Несмотря на серьезность положения, на Яромира вдруг напал неудержимый смех. Он сел на скамейку, скорчившись от хохота и стараясь не смотреть на дружинника, стоящего перед ним.
— Простите, господин дружинник! — устало пробормотал Яромир. — Честное слово, это нечаянное, я бы сказал, нелепое стечение обстоятельств!
— Мальчишка! — взвизгнул побагровевший дружинник. — Если бы не твоя возмутительная молодость, я растер бы тебя в порошок! Выпорол бы тебя ремнем, чтобы ты впредь уважал старших! Каков негодяй, а? Самый настоящий засранец!
— Засранец?! — тихо повторил Яромир, наливаясь краской. — Это я-то засранец?
— А кто же? — кивнул дружинник. — Конечно, ты! Пойди, смени подгузник!
— А подгузник — это что? — неожиданно заинтересовался Яромир. Теперь пришла очередь смеяться дружиннику.
— Темнота! Деревня! Ты еще вчера, небось, лаптем щи хлебал! Ох-хо-хо! Тогда понятно, почему ты такой невоспитанный! Небось, крестом расписываешься, хаха!
— Между прочим, я — поэт! — оскорбленно возразил Яромир. — Книжку буду издавать. И грамоте я обучен. Может, я в этом, в Коксфорде учился!

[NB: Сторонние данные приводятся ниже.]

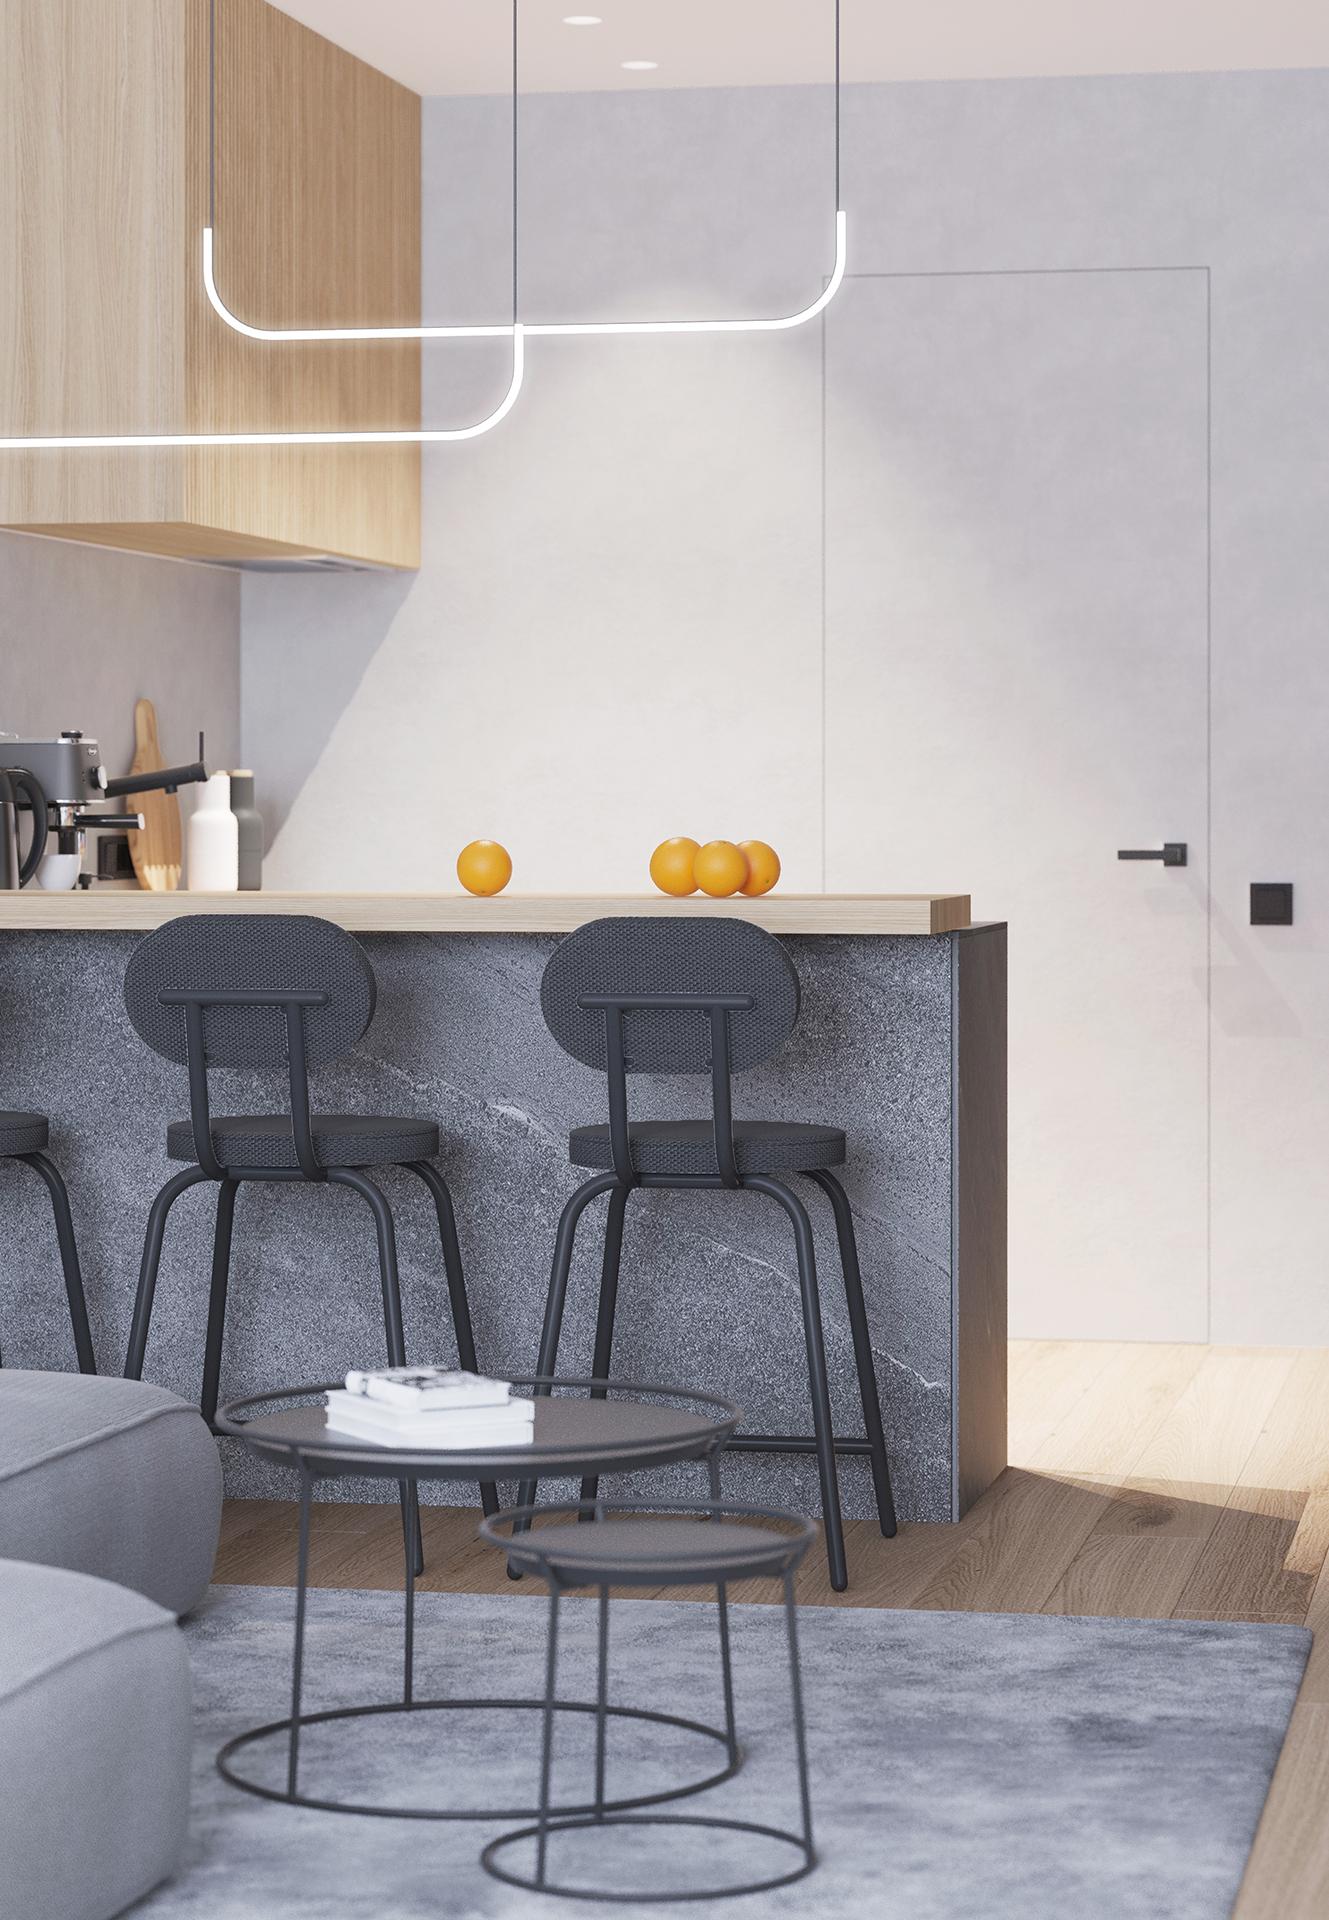 Интерьер кухни cветовыми линиями и подсветкой светодиодной в стиле лофт

Тут дружинник просто повалился на скамью.
— Шут! Клоун! Скоморох! Он в Коксфорде учился! Выгребные ямы чистить, что ли? Так этому тебя здесь научат лучше. Все, иди, я тебя прощаю!
— Что-о?! — взревел Яромир. — Ну уж нет! Такого хамства я не потерплю! Сегодня в три! Под забором, то есть, тьфу! За городским забором! Кстати, как ваше имя, уважаемый?
— Добрыня Никитич, — все еще смеясь, ответил дружинник. — Да ты иди, только смотри, сам не опаздывай!
Яромир возвращался назад в не самом лучшем расположении духа.
— Ну и пусть, — думал он, — конечно, биться на кушаках с двумя богатырями, да еще такими знатными, — кто большая честь. Правда, без зубов можно остаться. Это если башку не снесут! Но и я им могу кое-что показать! Готов поспорить, что они никакого представления не имеют об искусстве лесных отшельников! Кину раз через бедро, добавлю пяткой в ухо, и уноси готовенького!
Таким образом, обретя снова хорошее расположение духа, витязь вернулся к дому Святогора.
К его удивлению во дворе было пусто, толпившиеся здесь недавно дружинники куда-то разошлись, а на двери терема висела табличка:
«ЗАКРЫТО НА ОБЕД»
Незнакомый со столичными нравами Яромир беспомощно огляделся, ища, кого бы спросить: надолго ли этот обед? Но никого, кроме трех кур, валявшихся в знойной пыли, да сердитого петуха, не обнаружил. Увидев Яромира, петух поскреб лапой и приготовился к атаке. В этот момент мимо него пробежала здоровенная баба в сарафане и торкнулась в дверь.
В этот момент мимо него пробежала здоровенная баба в сарафане и торкнулась в дверь.
— Куда, дура! — рассердился Яромир. — Не видишь, что написано?..
Дура медленно повернулась, и Яромир узрел грубое мужское лицо и нервно подрагивающие усы.
— Вот так не чешись! — оторопел витязь. — Слышал я о таком, но чтобы своими глазами увидеть… До какого ж ты паскудства дошел, наглая, бесстыжая твоя морда?! Чтобы бабье рядно надеть и к мужикам тулиться… Тьфу!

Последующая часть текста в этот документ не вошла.